But you, perhaps, would have me guess it out.
What, hath some Hengist like that Saxon stout
By fraud and force usurp'd thy flow'ring crown,
Or by tempestuous Wars thy fields trod down?
Or hath Canutus, that brave valiant Dane,
The regal peaceful Sceptre from thee ta'en?
Or is 't a Norman whose victorious hand
With English blood bedews thy conquered Land?
Or is 't intestine Wars that thus offend?
Do Maud and Stephen for the Crown contend?
Do Barons rise and side against their King,
And call in Foreign aid to help the thing?
Must Edward be depos'd?

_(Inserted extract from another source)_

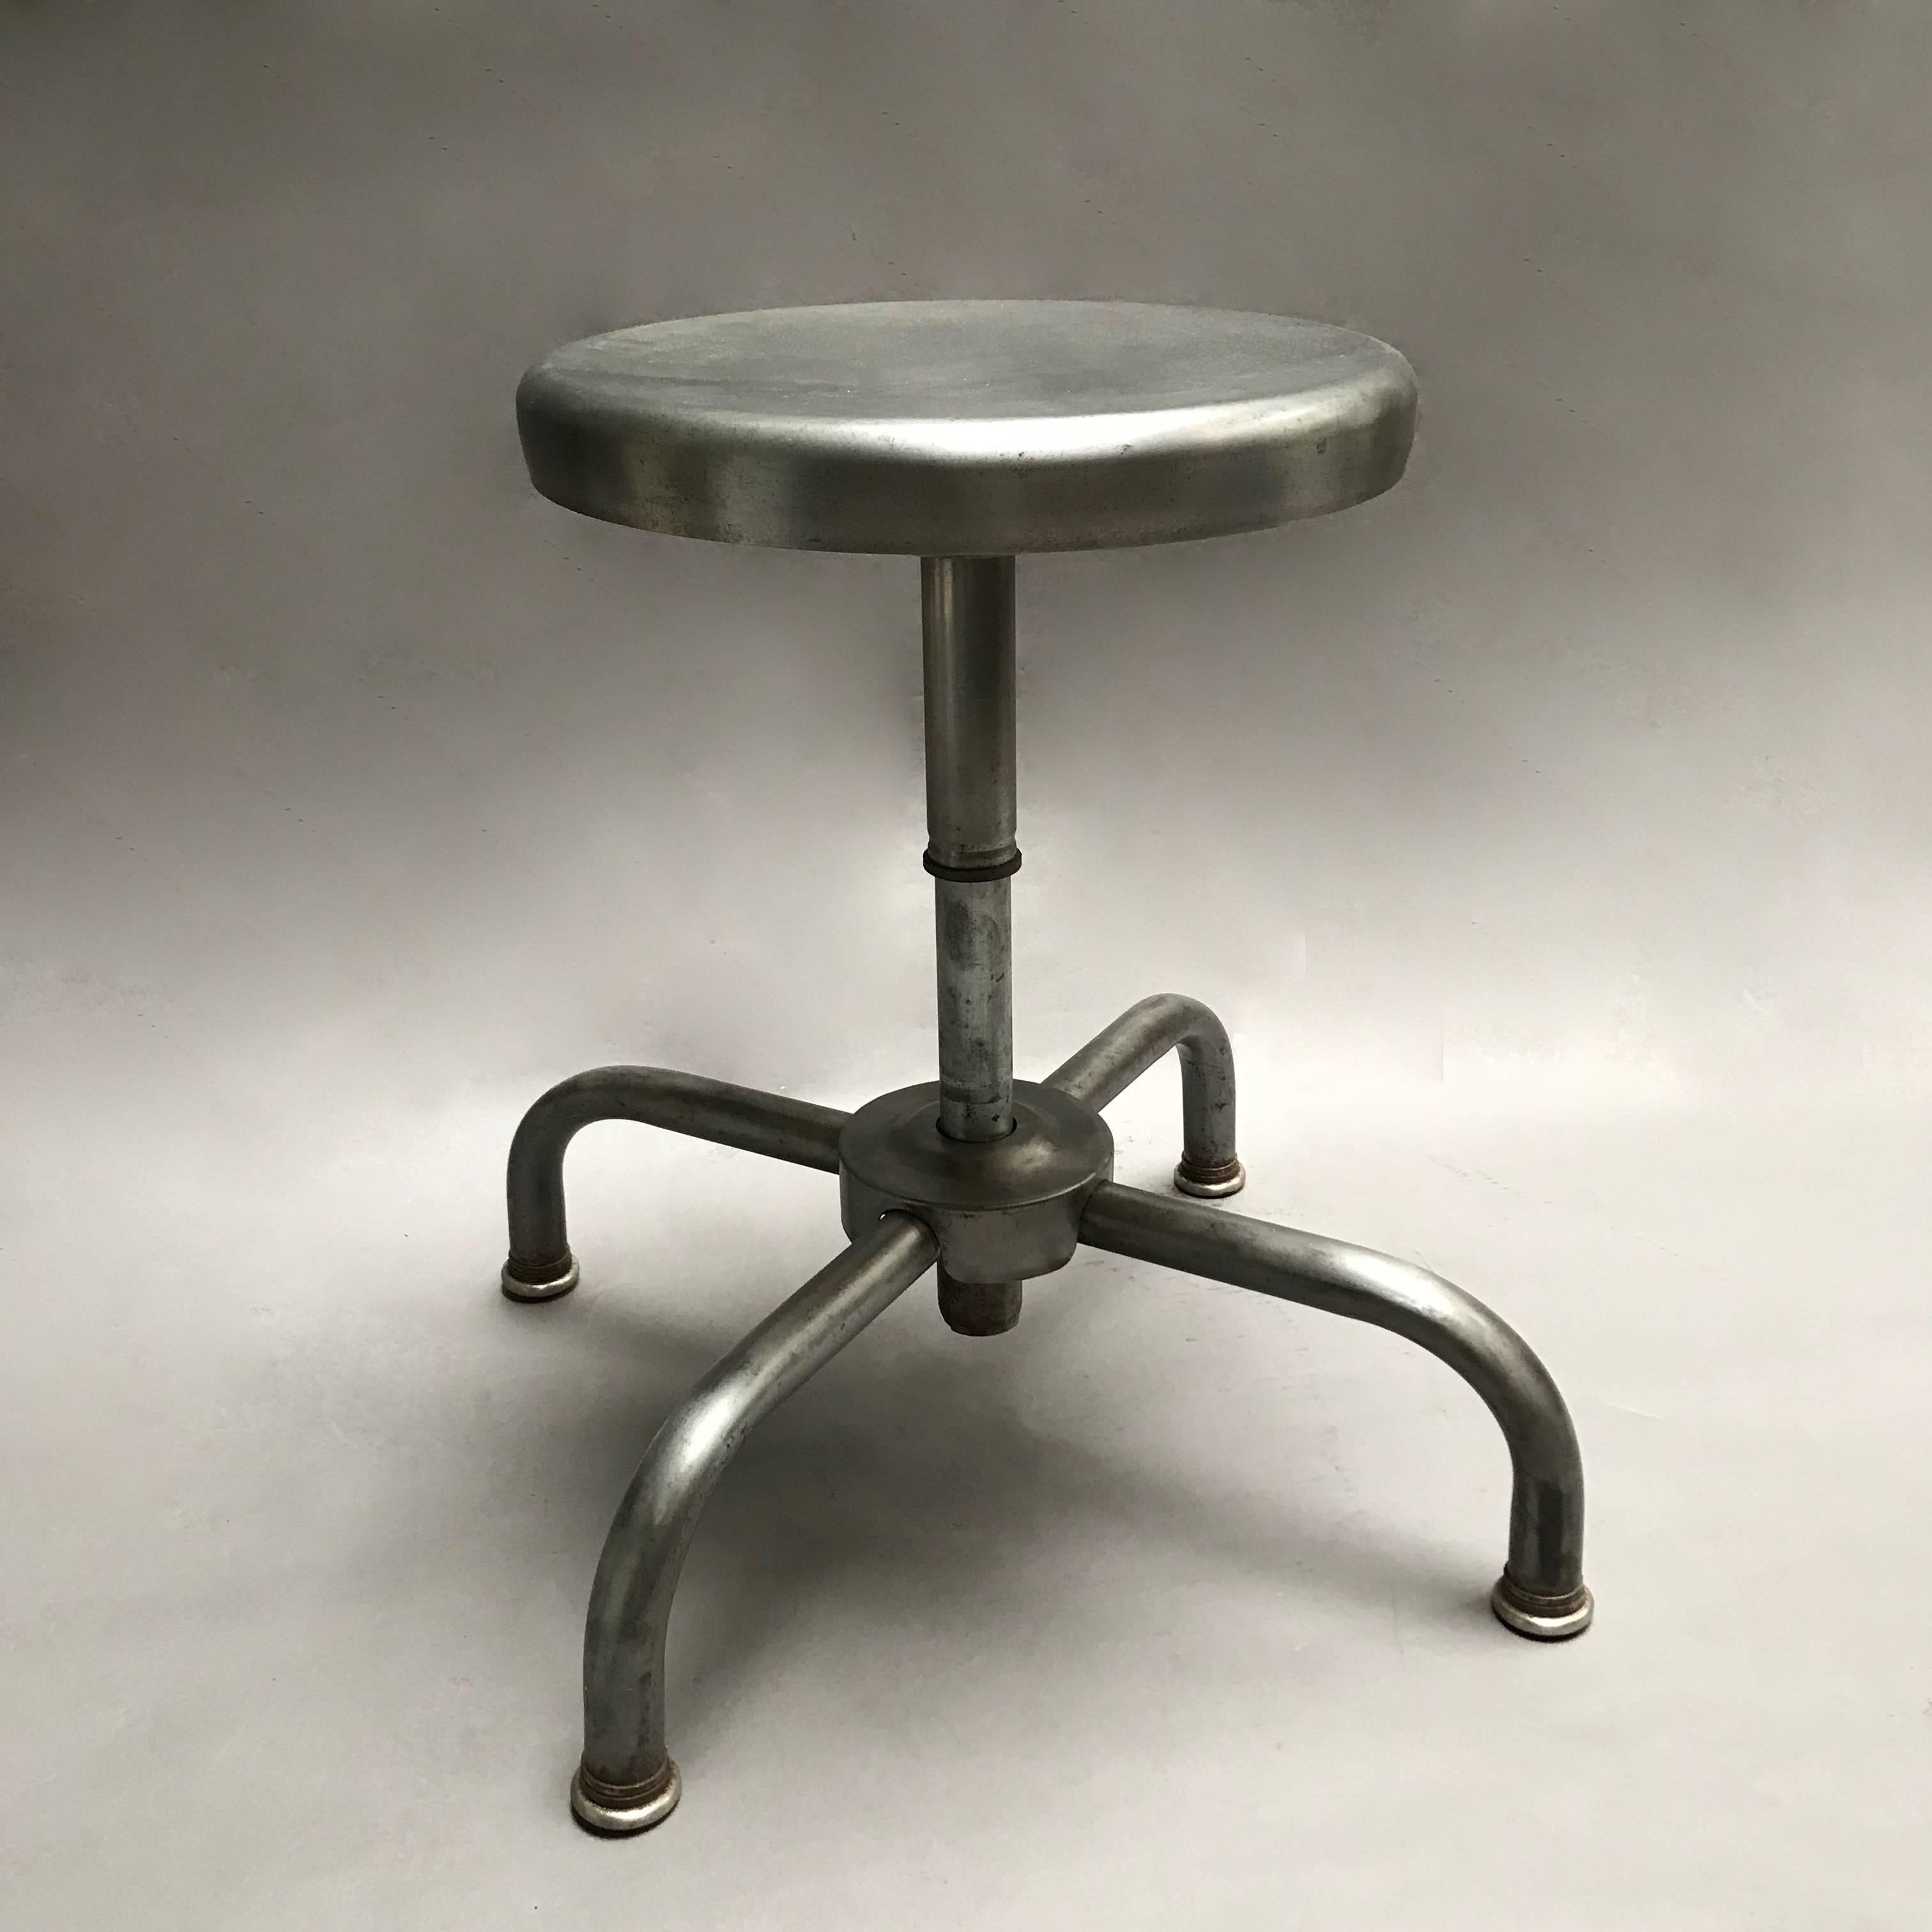 Industrial, adjustable, laboratory stool with newly brushed finish, features a four prong base and 13 inch diameter swivel seat. The seat height is easily adjustable from 15 - 20 inches.

Or is 't the hour
That second Richard must be clapp'd i' th' Tower?
Or is it the fatal jar, again begun,
That from the red, white pricking Roses sprung?
Must Richmond's aid the Nobles now implore
To come and break the tushes of the Boar?
If none of these, dear Mother, what's your woe?
Pray, do not fear Spain's bragging Armado.
Doth your Ally, fair France, conspire your wrack,
Or doth the Scots play false behind your back?
Doth Holland quit you ill for all your love?
Whence is this storm, from Earth or Heaven above?
Is 't drought, is 't Famine, or is 't Pestilence?
Dost feel the smart, or fear the consequence?
Your humble Child entreats you shew your grief.
Though Arms nor Purse she hath for your relief--
Such is her poverty,--yet shall be found
A suppliant for your help, as she is bound.
I must confess some of those Sores you name
My beauteous Body at this present maim,
But foreign Foe nor feigned friend I fear,
For they have work enough, thou knowest, elsewhere.
Nor is it Alcie's son and Henry's Daughter
Whose proud contention cause this slaughter;
Nor Nobles siding to make John no King,
French Louis unjustly to the Crown to bring;
No Edward, Richard, to lose rule and life,
Nor no Lancastrians to renew old strife;
No Crook-backt Tyrant now usurps the Seat, Whose tearing tusks did wound, and kill, and threat. No Duke of
York nor Earl of March to soil
Their hands in Kindred's blood whom they did foil;
No need of Tudor Roses to unite:
None knows which is the Red or which the White.
Spain's braving Fleet a second time is sunk.
France knows how of my fury she hath drunk
By Edward third and Henry fifth of fame;
Her Lilies in my Arms avouch the same.
My Sister Scotland hurts me now no more,
Though she hath been injurious heretofore.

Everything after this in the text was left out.